Defensive healthcare also provides downside protection through economic cycles given the non-discretionary nature of medical treatments. pharma giants Pfizer and Johnson & Johnson look well-positioned thanks to diversified revenue streams and consistent new drug pipelines. Within healthcare facilities, UnitedHealth Group dominates managed care with 170 million medical members globally.
Among technology, certain names concentrate on necessities like cloud infrastructure, cybersecurity and semiconductor production equipment rather than discretionary markets vulnerable to slowing demand. Leaders include Microsoft, Cisco, Intel and Applied Materials with pricing power and recurrent revenue models resilient to broader fluctuations.

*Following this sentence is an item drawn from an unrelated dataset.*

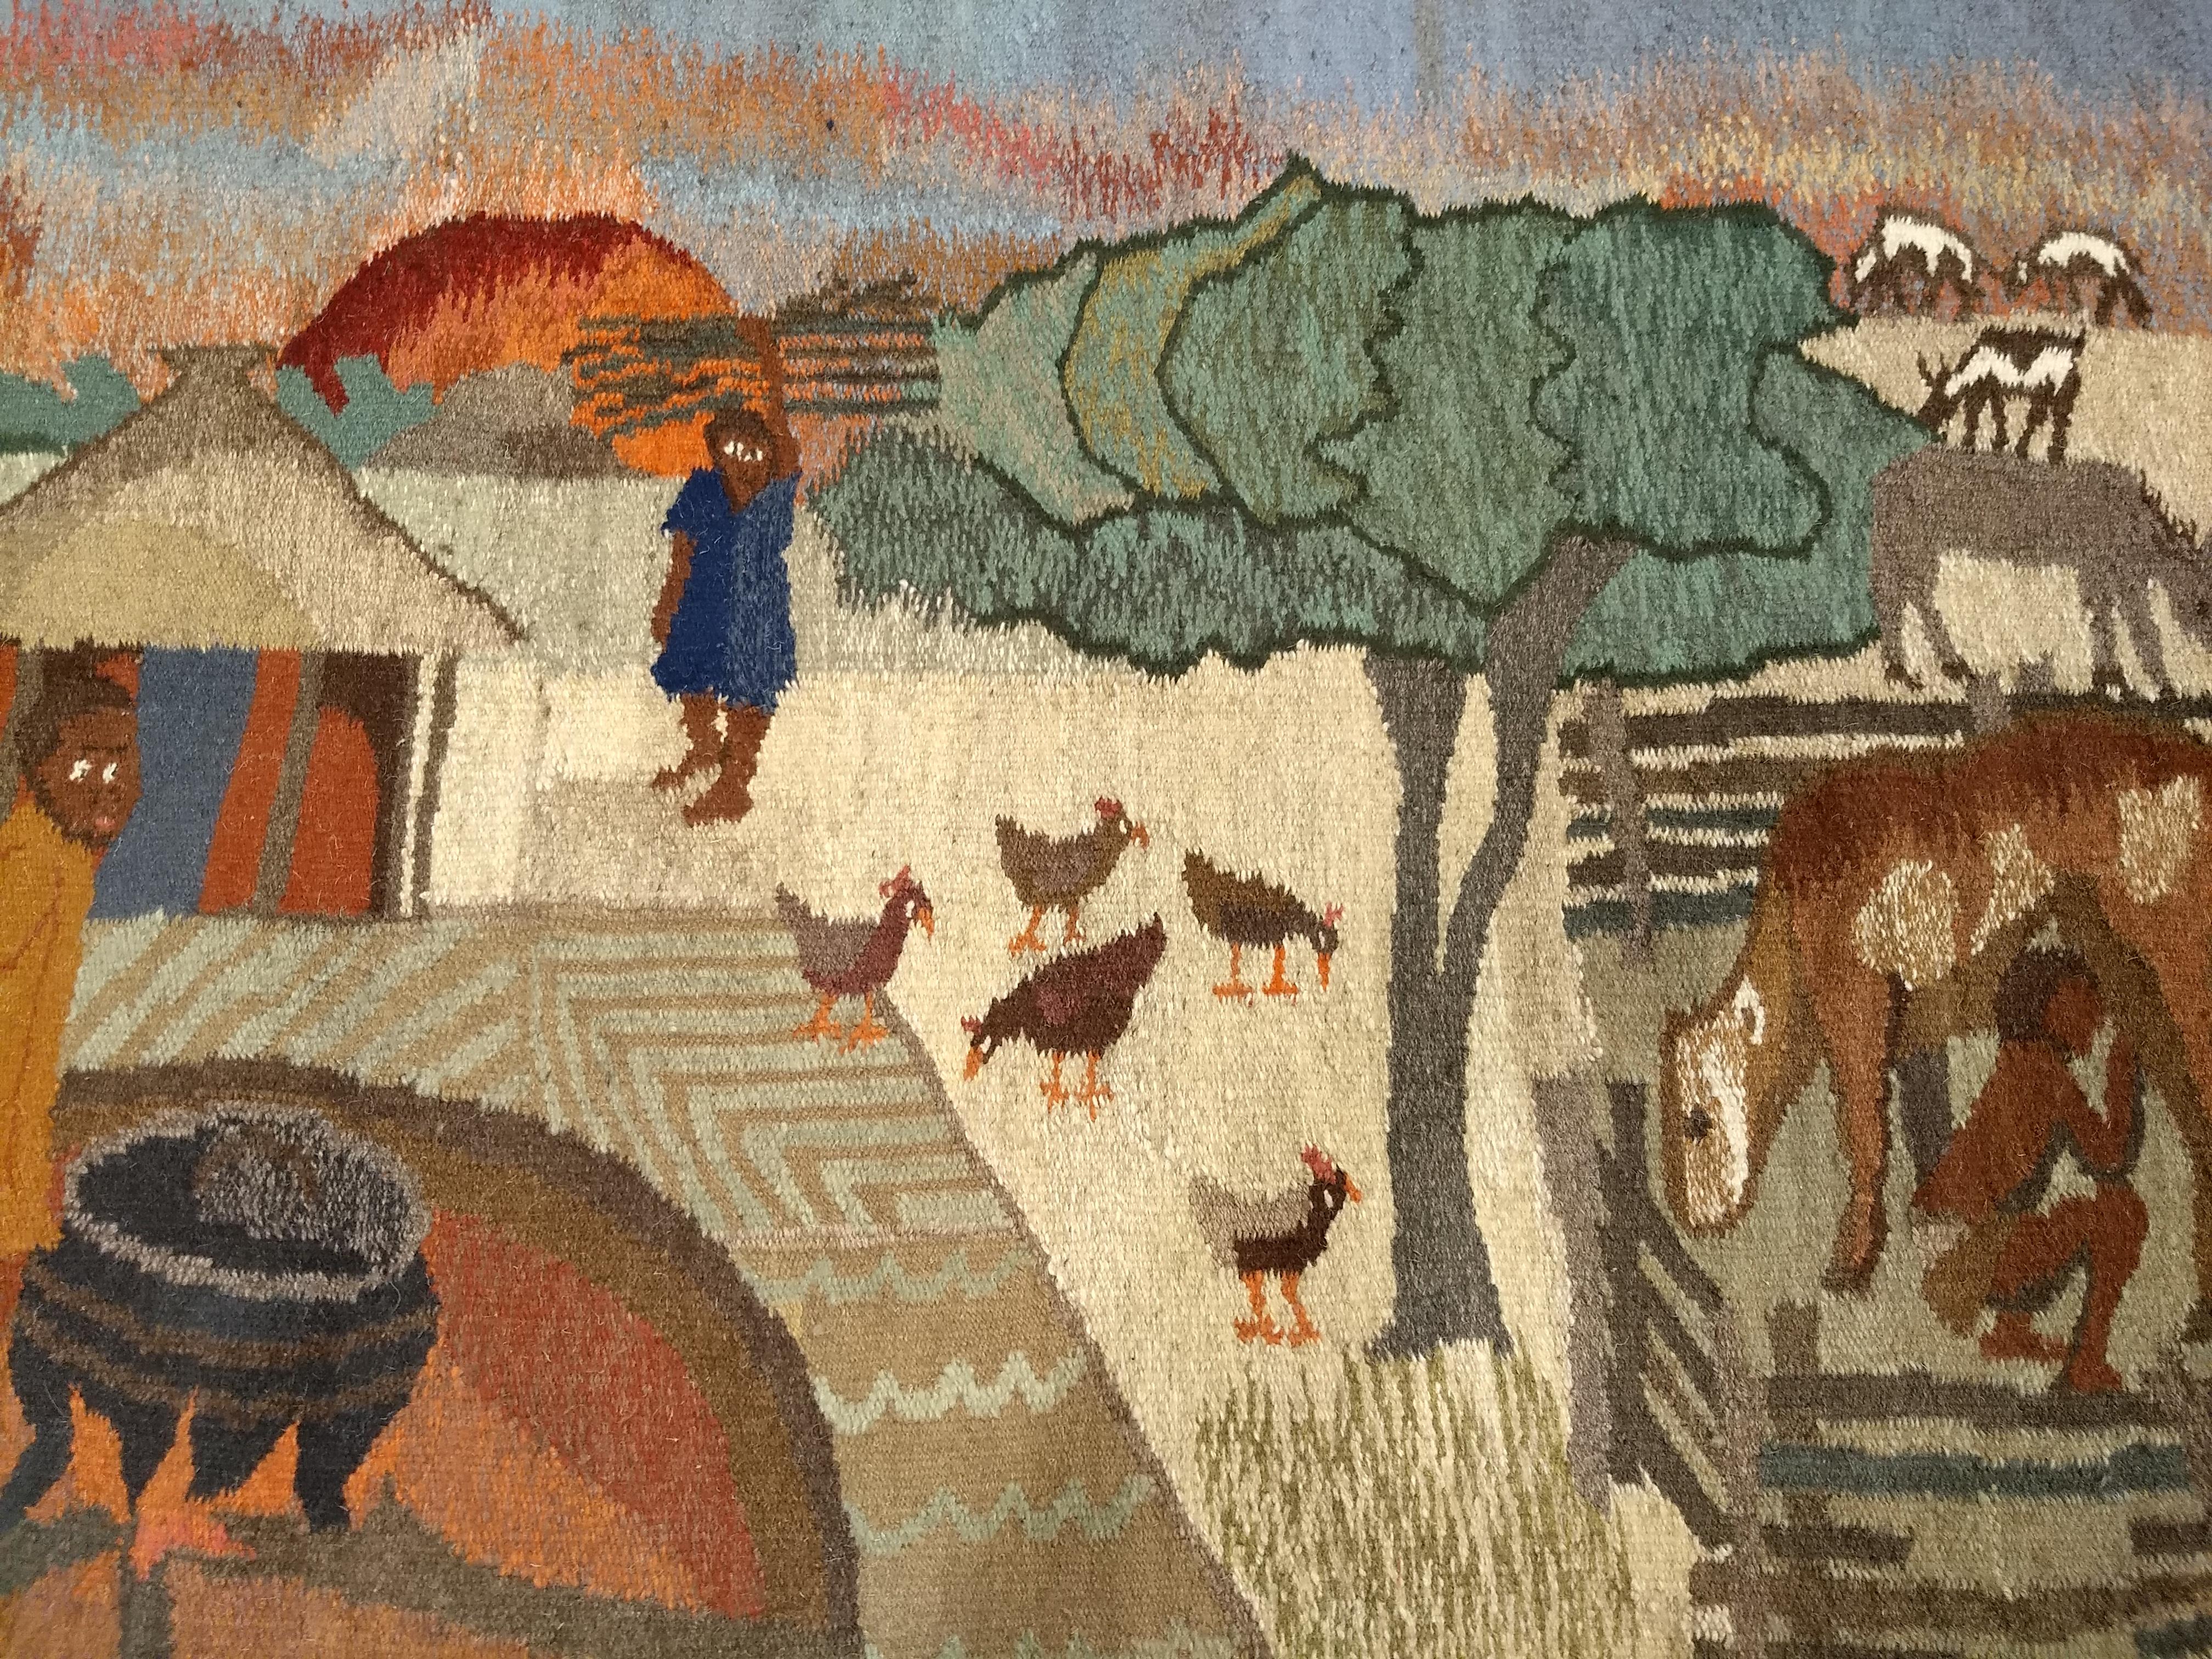 Wool Vintage Hand Woven African Tapestry Depicting Life Scenes Around a Village For Sale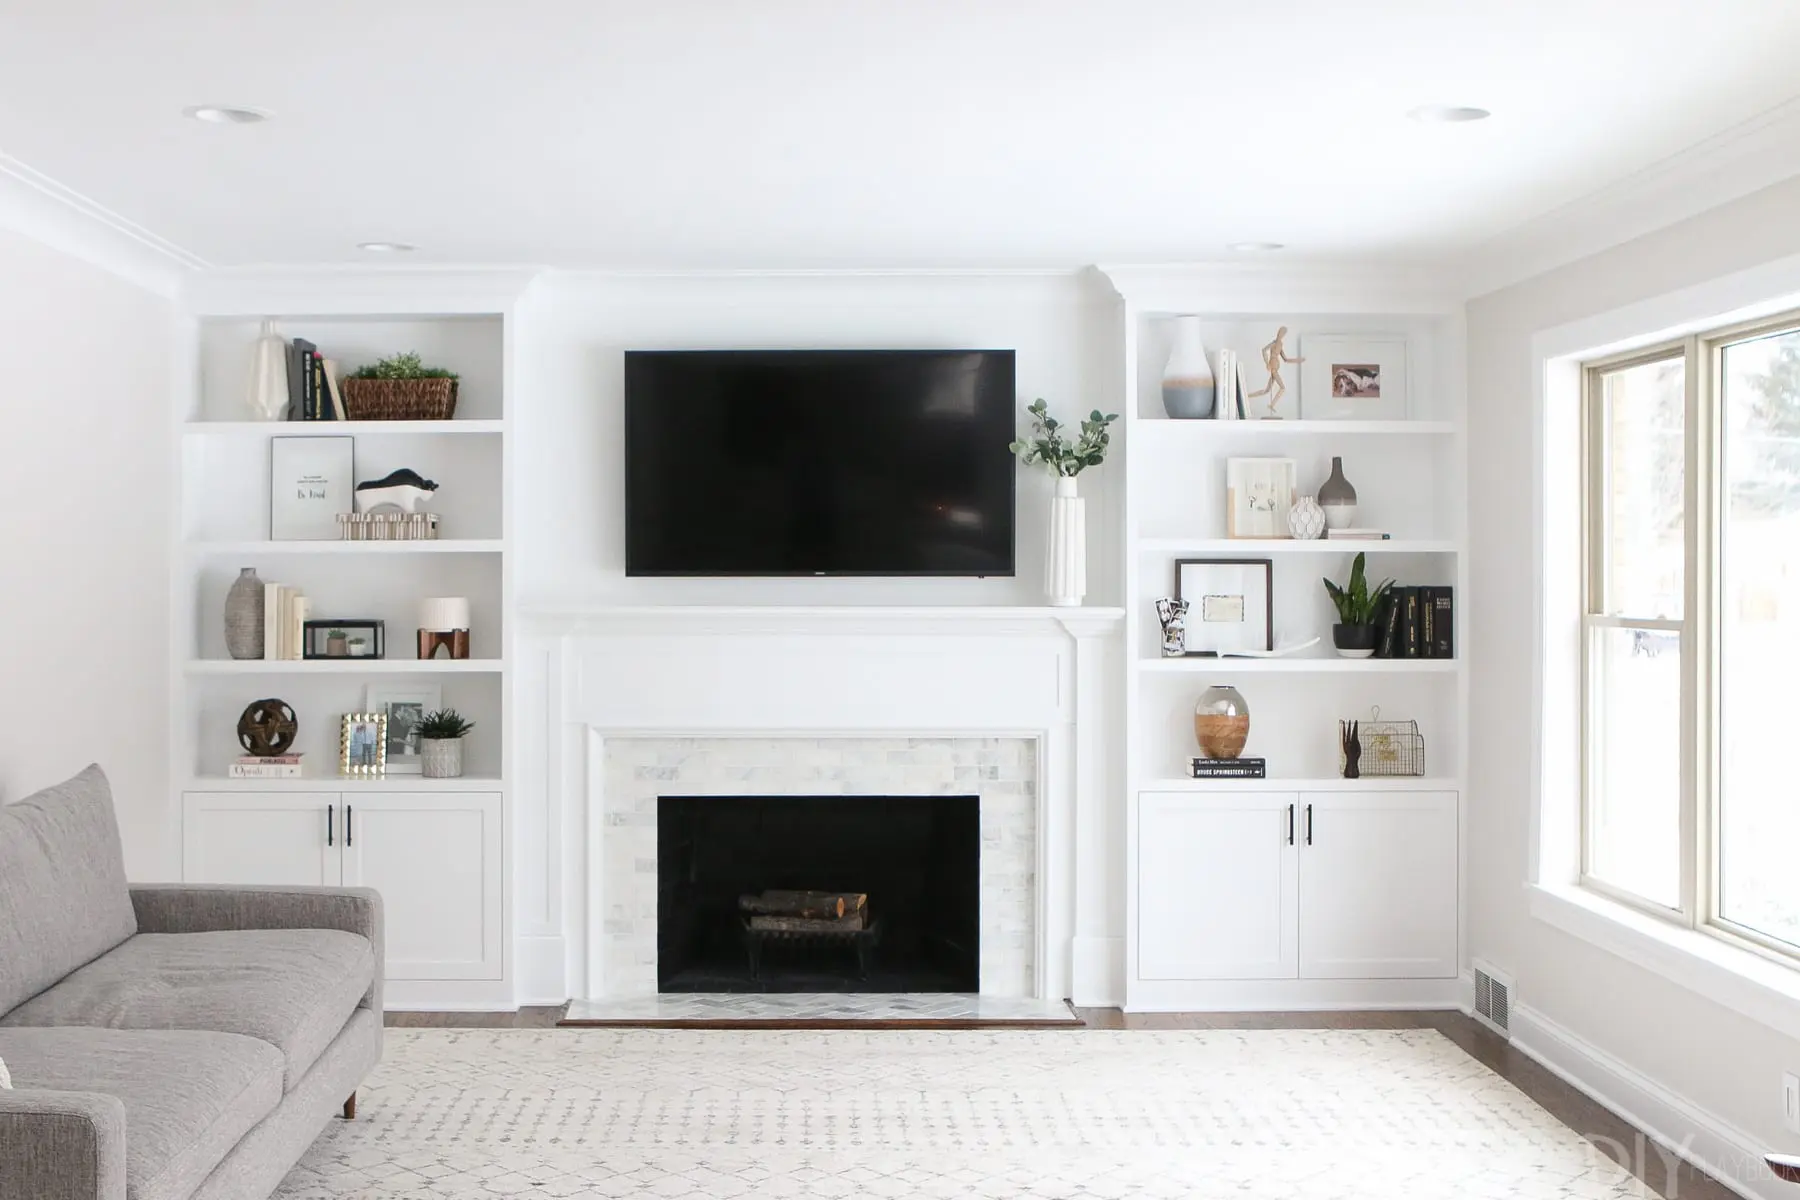 Decorating built-in shelves can be difficult. Read these tips to improve your home decor styling

Meanwhile, energy and financial pay special dividends during inflationary times based on their structure. Integrated majors Chevron and ExxonMobil generate substantial free cash flow while also returning significant capital to shareholders. JPMorgan, Citi and Bank of America stand to benefit from rising interest rates as they lend. For conservative investors, focusing on the sturdiest companies across these areas may provide shelter as turbulence persists in the broader landscape.
The final weeks of 2022’s third quarter brings both challenges and possibilities for traders. Progress toward a funding deal, solid earnings results and any hints of peaking price pressures could offer much needed respite for the beleaguered stock market. But failure on any of those fronts risks deepening Wall Street’s dreadful September and prolonging uncertainty. With such a knife’s edge between optimism and pessimism, vigilance will be key through a turbulent finish to gain insight into what the last few months may ultimately portend for the overall trajectory of equities.